→ WHAT IS REQUIRED
Set the material down again exactly, line by line, skipping each picture.

→ DATASET SECTION

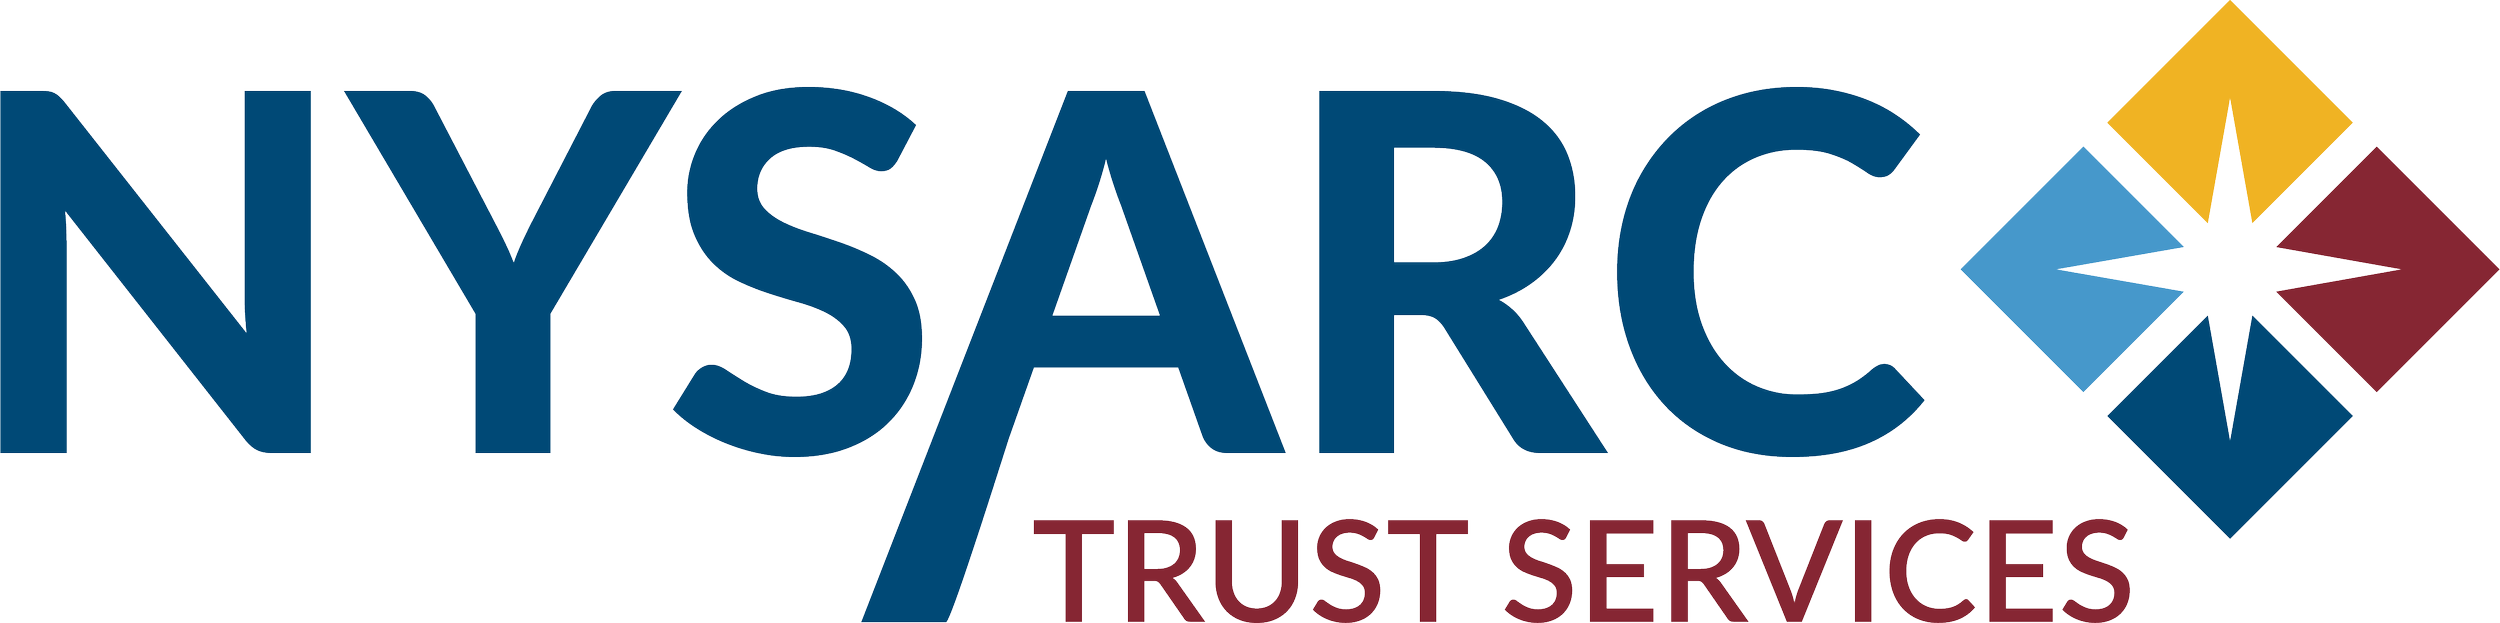 NYSARC Logo - WEB DIGITAL.png
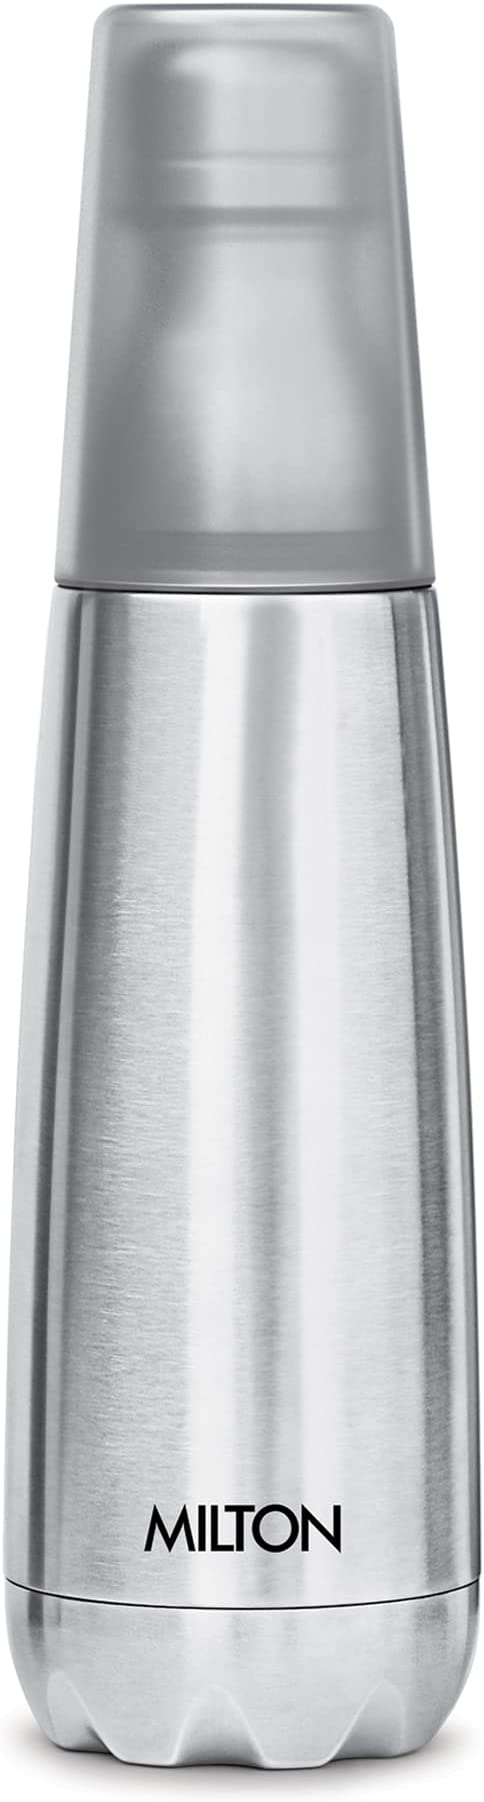 زجاجة مياه من ميلتون فيرتيكس -750 مع ترمس غير قابل للكسر – 750 مل، فضي احصل على زجاجة مياه مع ترمس غير قابل للكسر من ميلتون فيرتيكس بسعة 750 مل ولون فضي، مثالية للاستخدام اليومي والرحلات الخارجية.
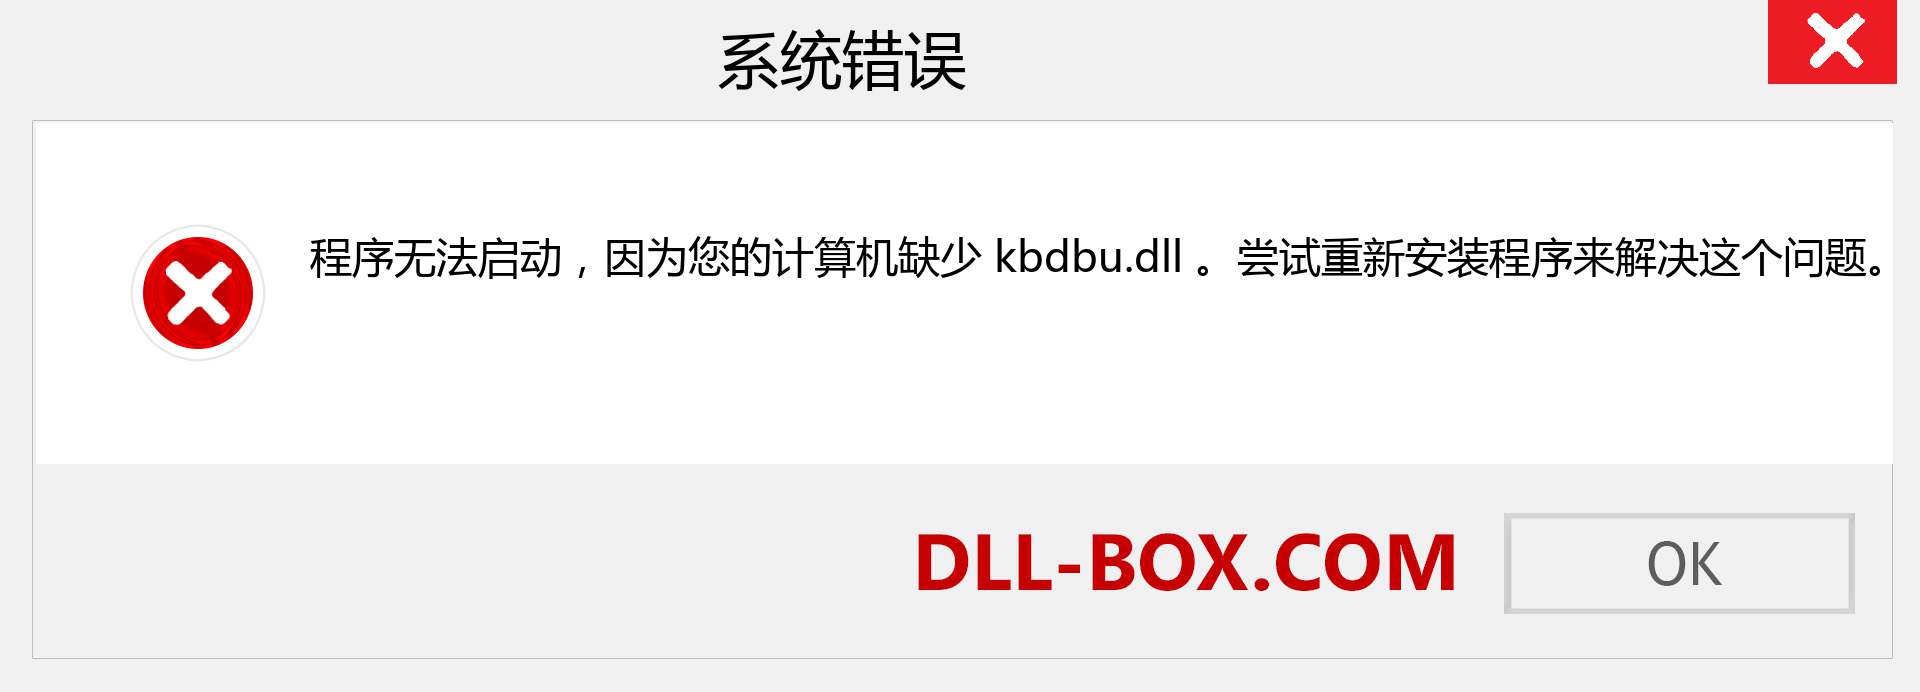 kbdbu.dll 文件丢失？。 适用于 Windows 7、8、10 的下载 - 修复 Windows、照片、图像上的 kbdbu dll 丢失错误
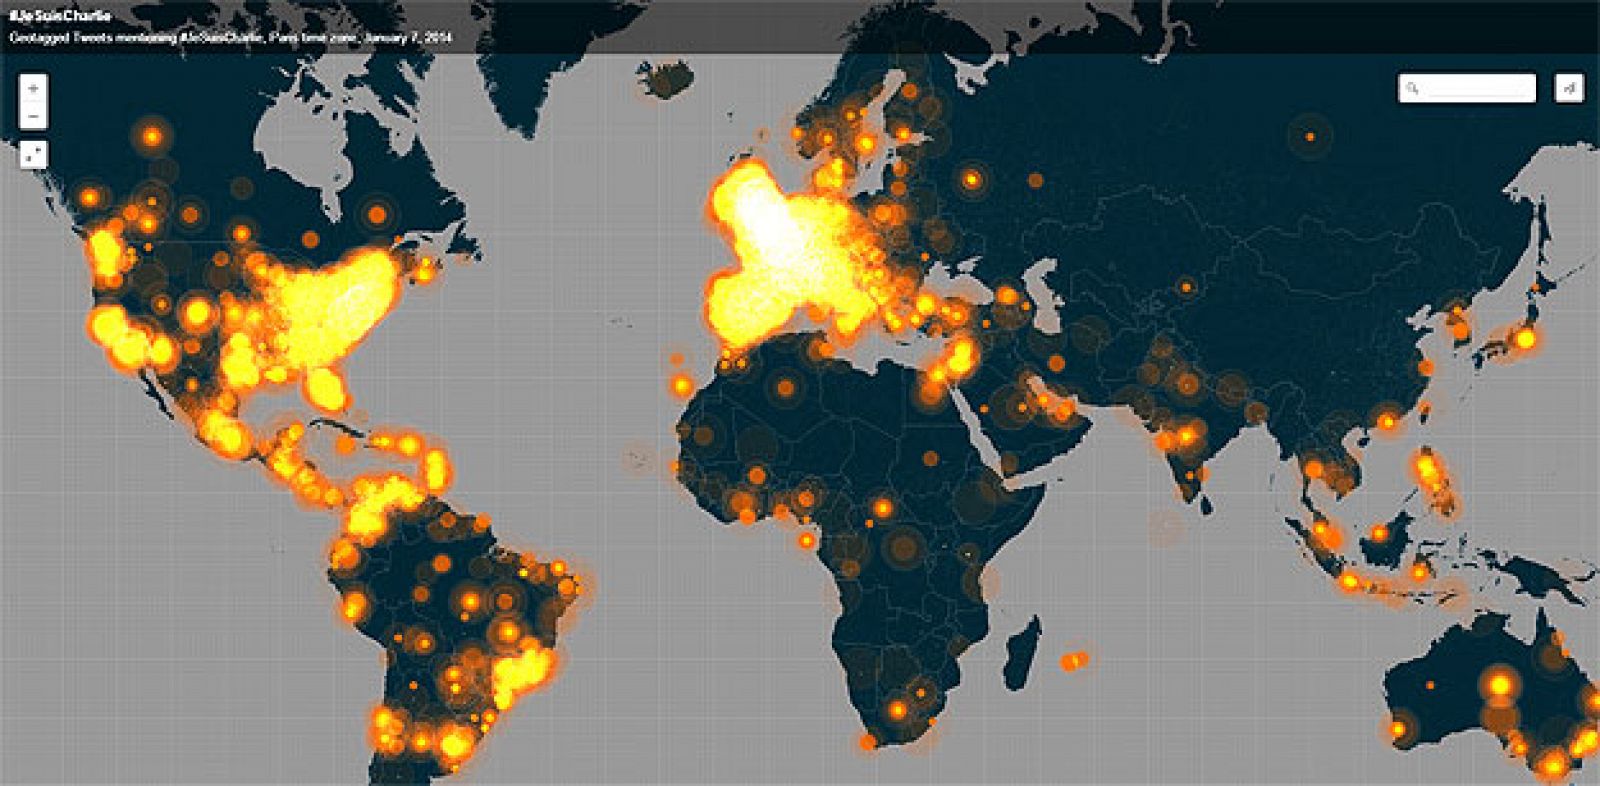 Mapa sobre el impacto del hashtag #JeSuisCharlie en Twitter

→ FINISHED EXERCISE
 NYSARC Logo - WEB DIGITAL.png
 زجاجة مياه من ميلتون فيرتيكس -750 مع ترمس غير قابل للكسر – 750 مل، فضي احصل على زجاجة مياه مع ترمس غير قابل للكسر من ميلتون فيرتيكس بسعة 750 مل ولون فضي، مثالية للاستخدام اليومي والرحلات الخارجية.
 kbdbu.dll 文件丢失？。 适用于 Windows 7、8、10 的下载 - 修复 Windows、照片、图像上的 kbdbu dll 丢失错误
 Mapa sobre el impacto del hashtag #JeSuisCharlie en Twitter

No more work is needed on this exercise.